→ THE TASK:
Each entry should be printed exactly, with its images omitted.

⁂

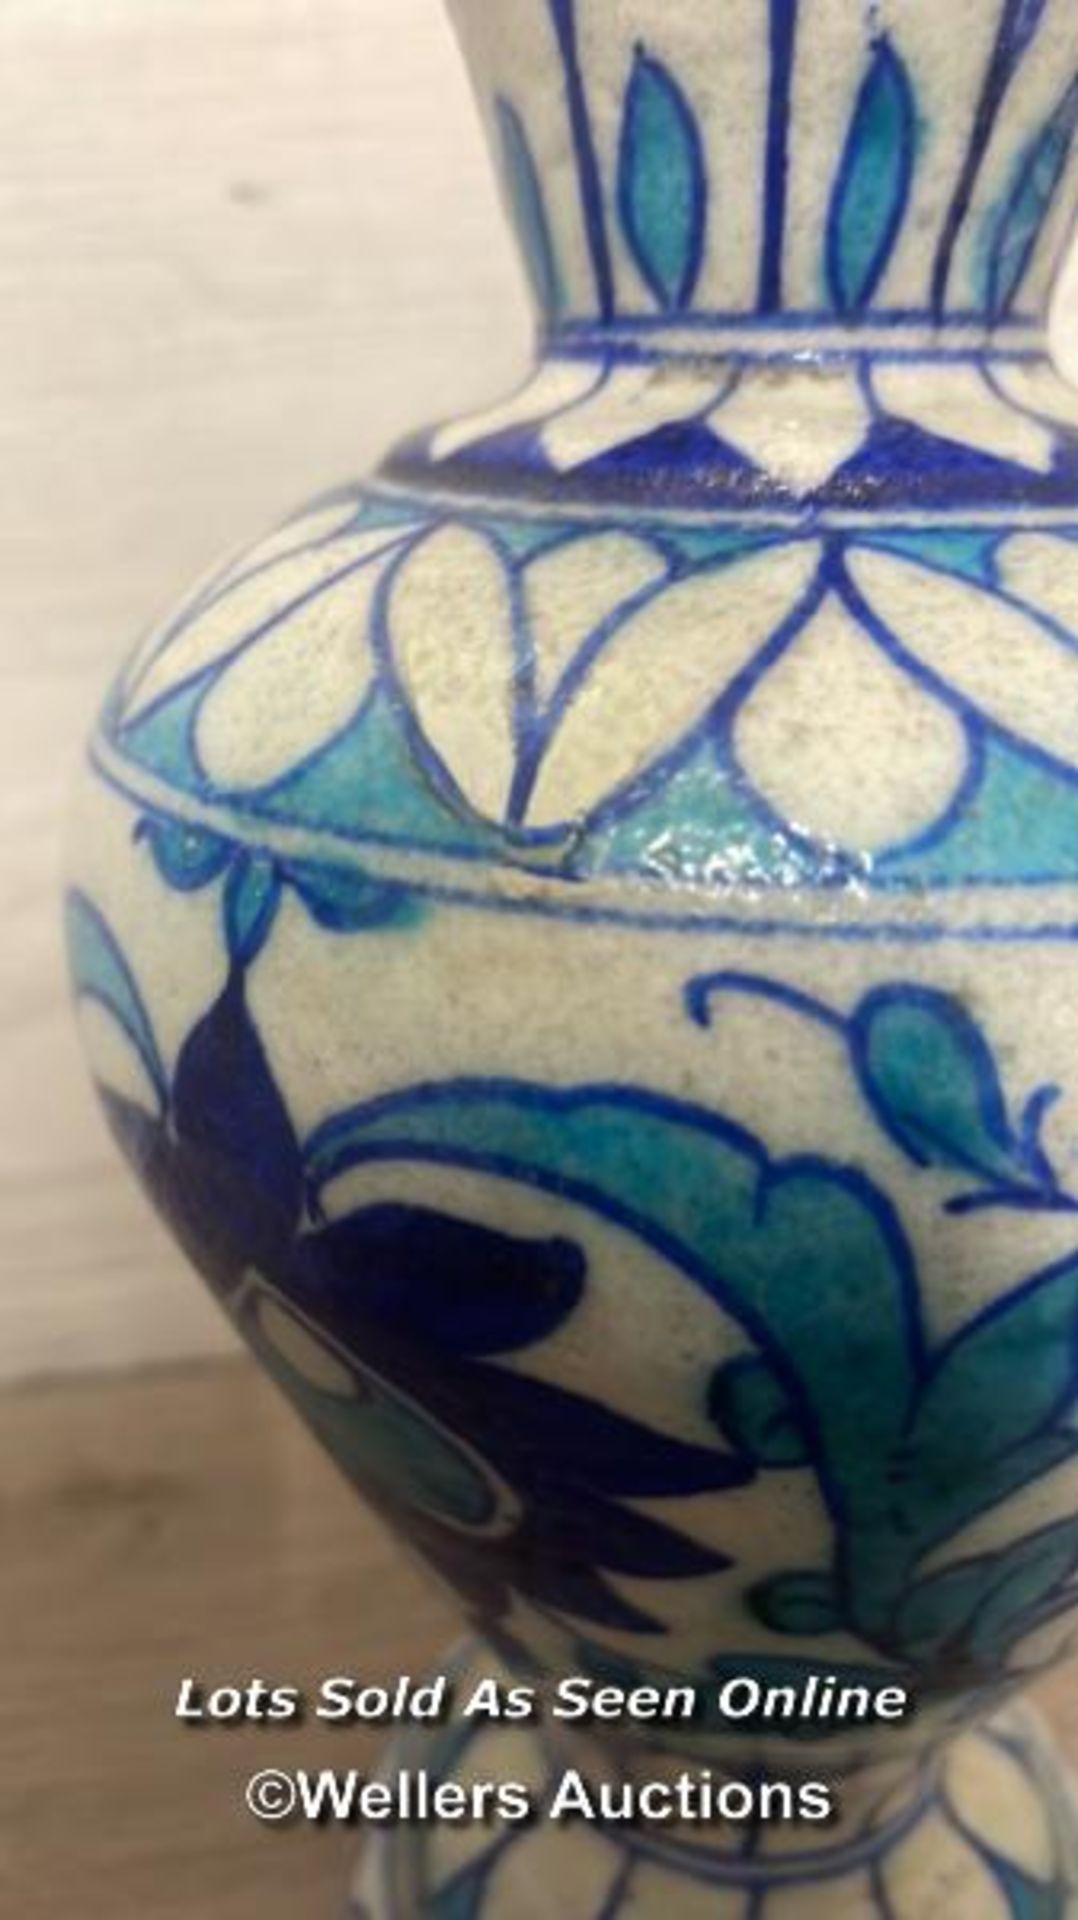 TWO SIMILAR MULTAN POTTERY VASES FROM PAKISTAN, HAND PAINTED BLUE & TURQUOISE FOLIAGE AND FLOWER - Image 10 of 15
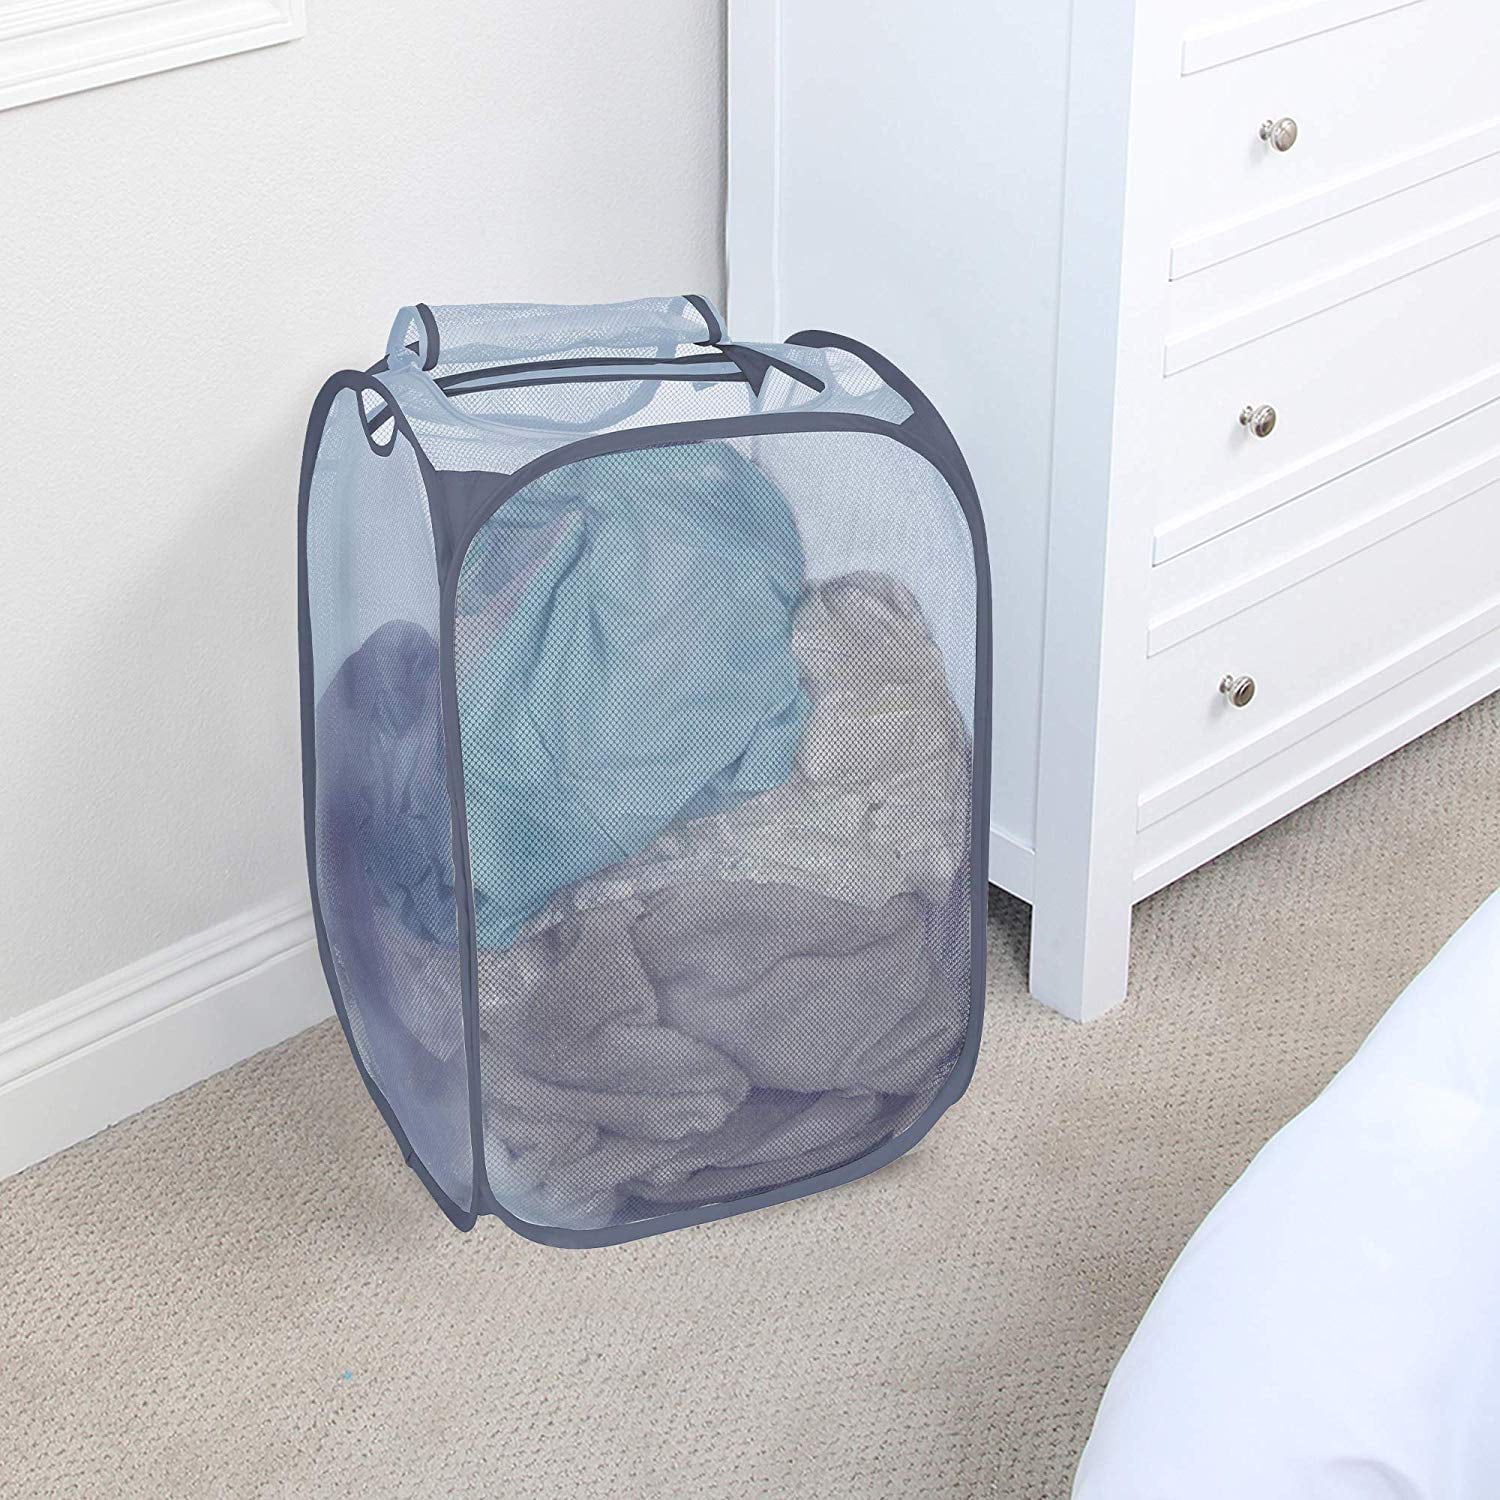 Smart Design Collapsible Pop-Up Laundry Hamper, White, Holds 3
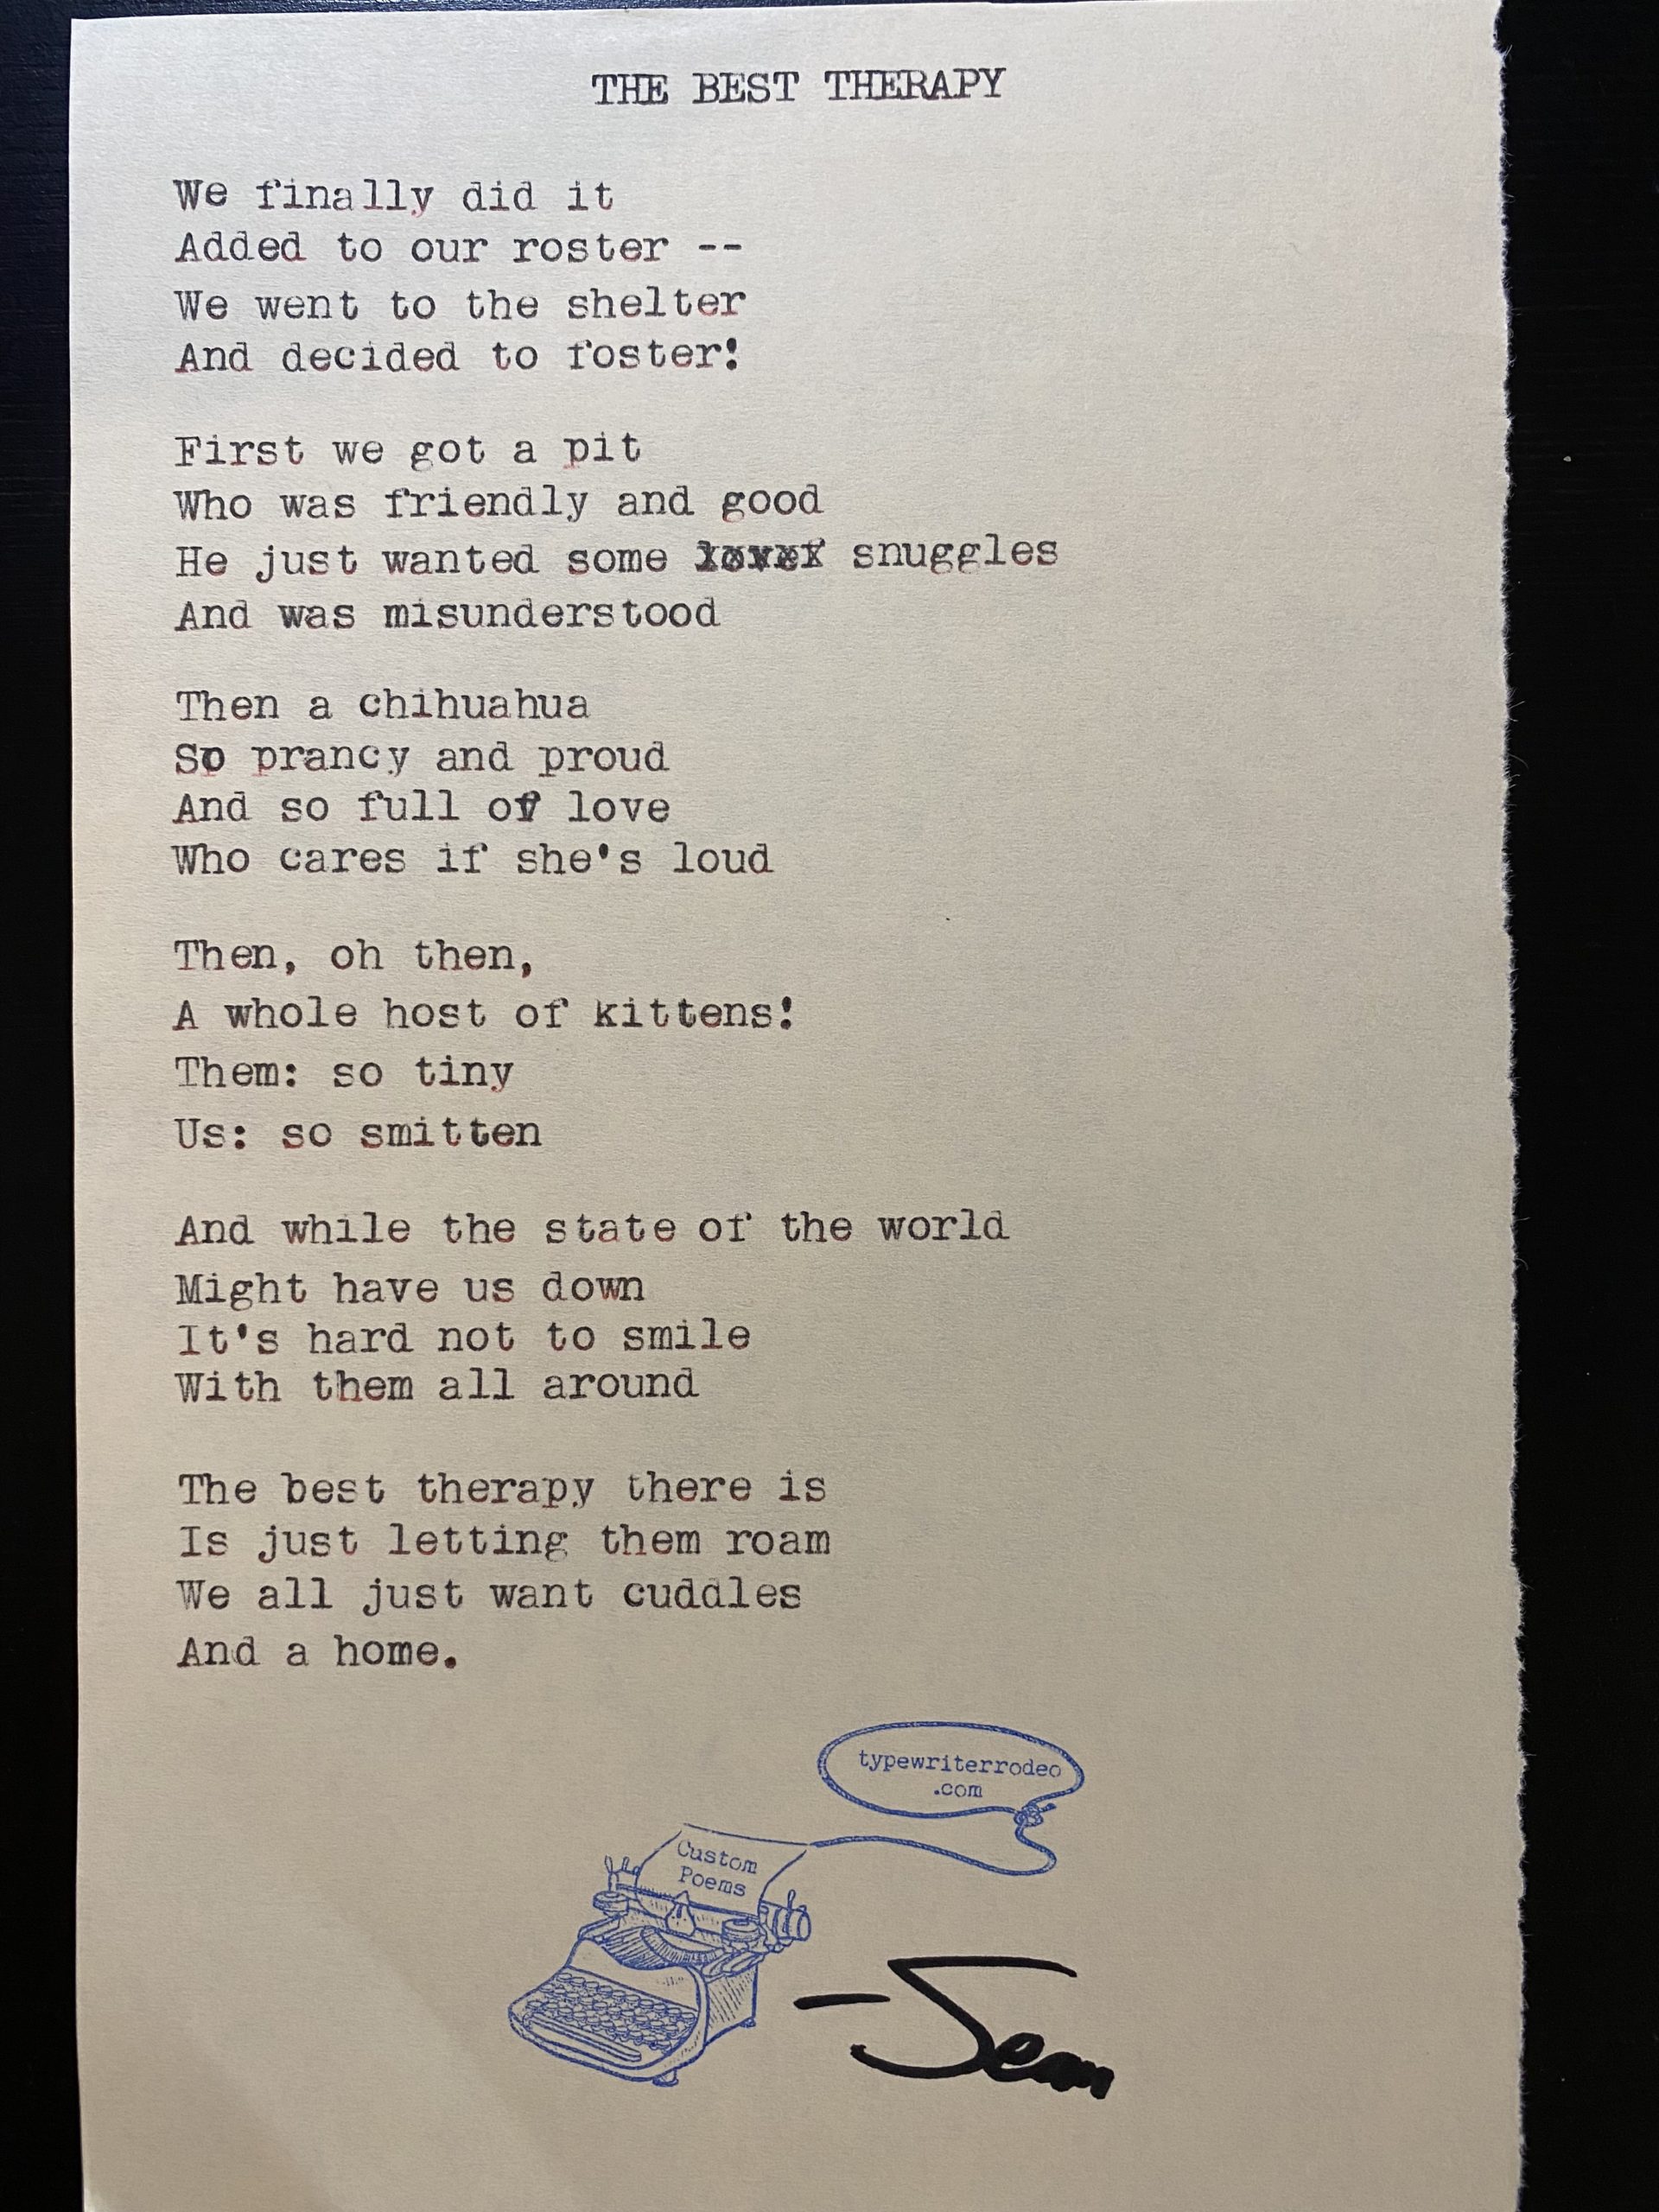 the typewritten poem on a torn piece of paper
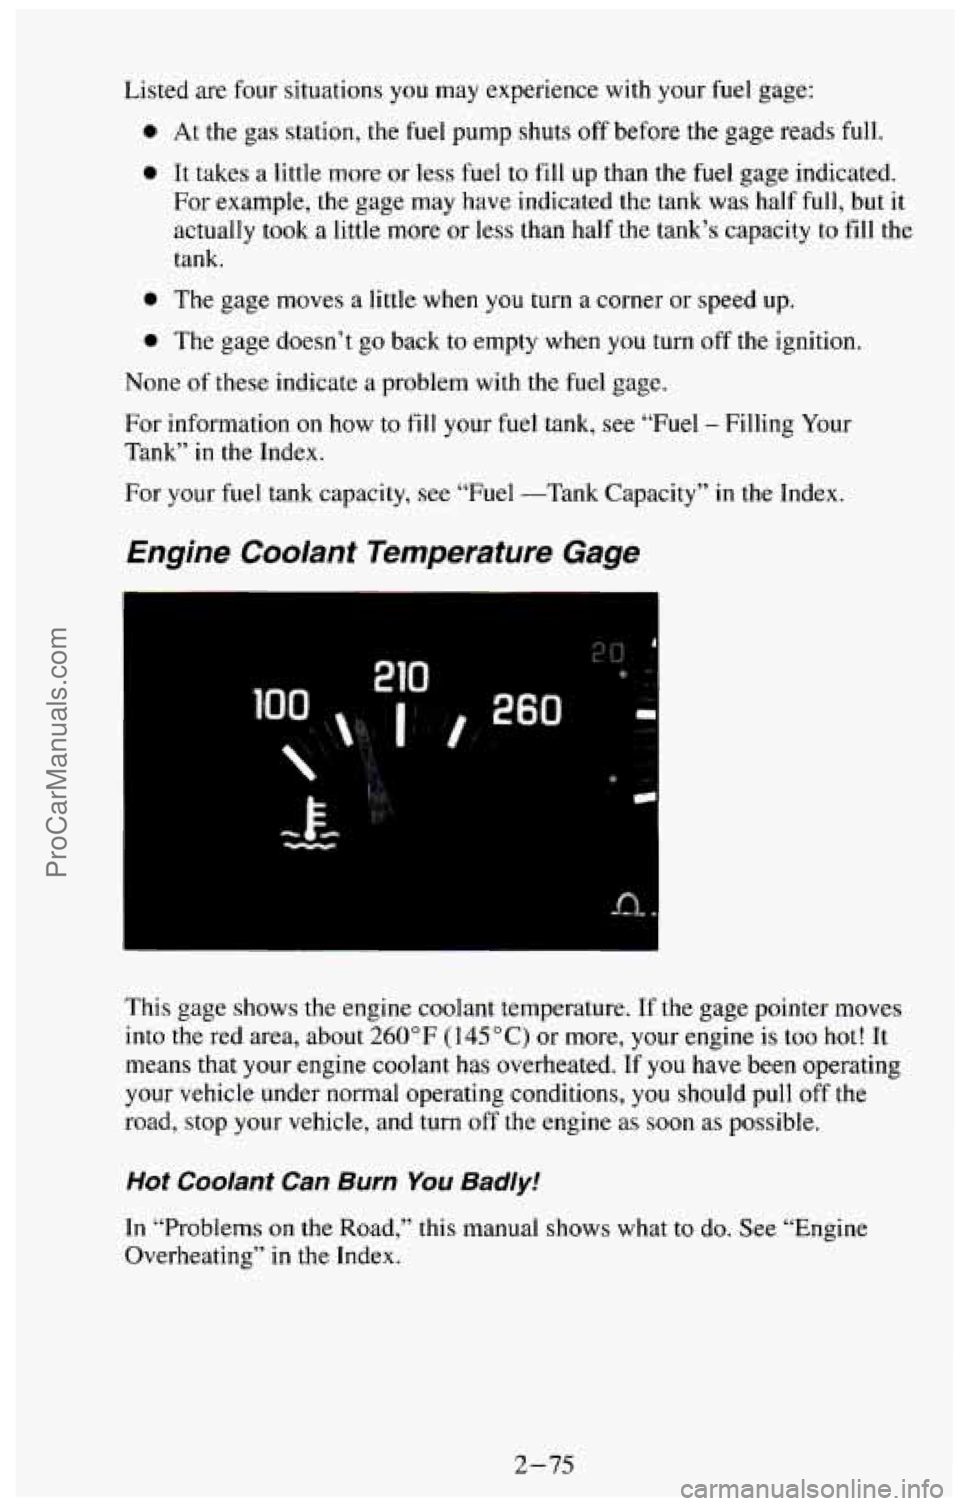 CHEVROLET SUBURBAN 1994  Owners Manual Listed are four situations  you  may experience with your fuel  gage: 
0 At the gas station, the fuel  pump shuts off before the gage  reads  full. 
0 It takes  a little  more  or less fuel  to fill u

⁂

→ WORKED SOLUTION:
 TWO SIMILAR MULTAN POTTERY VASES FROM PAKISTAN, HAND PAINTED BLUE & TURQUOISE FOLIAGE AND FLOWER - Image 10 of 15
 Smart Design Collapsible Pop-Up Laundry Hamper, White, Holds 3
 the typewritten poem on a torn piece of paper
 CHEVROLET SUBURBAN 1994  Owners Manual Listed are four situations  you  may experience with your fuel  gage: 
0 At the gas station, the fuel  pump shuts off before the gage  reads  full. 
0 It takes  a little  more  or less fuel  to fill u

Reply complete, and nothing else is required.